私は「大阪都構想」に反対である。これまでも何度かその旨(むね)を述べてきた。が、だからといって反大阪都構想陣営に賛成しているわけではないし、大阪維新の会のすべてを否定しているわけでもない。
百田尚樹氏がおもしろいツイートを上げている。
《大阪市長選に立候補し、共産党からも支援されている柳本顕氏は、三代続く大阪市議。 大阪で最もホームレスが多い西成区出身(一部に高級住宅街あり)で、そこを地盤としているが、三代続いて地元の西成を少しもよくできなかった男に、大阪市をよくできるとは、私にはまったく考えられない》(3月24日)
つまり、大阪市長候補の柳本氏は「世襲」の典型だということである。勿論、「世襲」だから即、駄目だと言いたいわけではないが、親子三代大阪市会議員でありながら、地元に何ら貢献し得なかったのだとしたら、やはり問題だと言わざるを得ない。
百田氏のツイートを受け
《西成に小中一貫校を作り、治安を改善し、街を綺麗にしたのは柳本顕ではなく維新》
《橋下徹が五カ年計画で実行した西成特区構想で、治安と美化に成功、住民と海外からの旅行者も根付きました》
《西成区に星野リゾートの誘致も維新。天王寺周辺を安心して歩けるようになったのも維新》
といった声が上がっている。
有本香女史は言う。
《橋下さんの思想や歴史観には賛同しかねるところがある。国政維新の憲法改正案にも賛同しかねる部分はあるし、経済政策の弱さは某番組で清水さんにきつめに申し上げた。だが、大阪の地方行政において維新の首長方が果たした役割は大。大阪の改善は多くの点で明らか。要は是々非々》(3月24日)
橋下氏の手法は急進的に過ぎ、私の考え方とは相容れない。大阪都構想の問題も詰まる所ここに問題がある。が、これを批判する側が漸進的手法を打ち出せているのかと言えば、まったくといって改善案を示せていないのもまた事実である。結局は既得権益を擁護しているだけで、このままでは大阪のさらなる衰退は明らかである。
保守的な考え方からすれば、大阪都構想のような急激な改革には反対せざるを得ない。が、一方で、既得権益にしがみつきたい人達と共に泥船に乗って沈んでいくのもかなわない。
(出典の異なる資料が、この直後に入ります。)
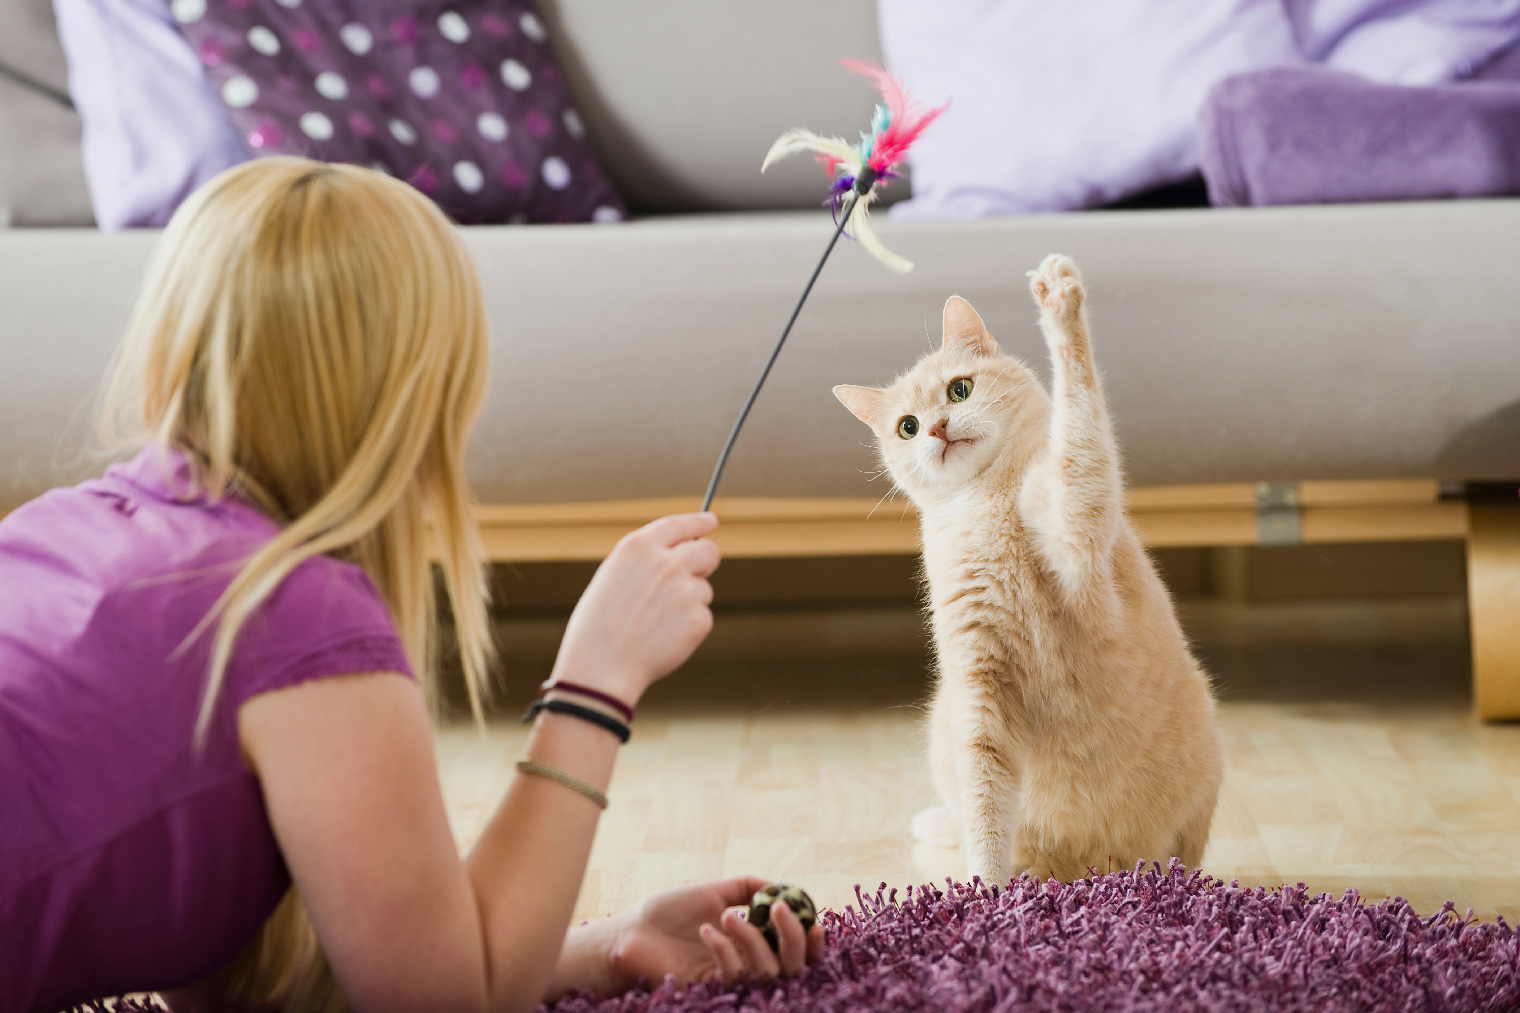 Кошка может кусать вас случайно, если вы держите игрушку прямо в руке. Для того чтобы держать разыгравшуюся кошку на расстоянии, существуют игрушки-удочки. Фото: Dora Zett / Shutterstock

問題は、国政では圧倒的支持を受けている自民党が、大阪ではくすんでしまっているということである。前回、住民投票で大阪都構想が否決された後、大阪自民は何をしてきたのか。大阪都構想を潰せば大阪が良くなるわけではない。大阪復興のためには何が必要なのか。今やれることのみならず、将来的にやるべきことを提示できないようでは怠慢の誹(そし)りは免れない。
反維新で、思想の異なる人達と共闘するようなことをいつまで続けるつもりなのか。自己否定なきところに道はない。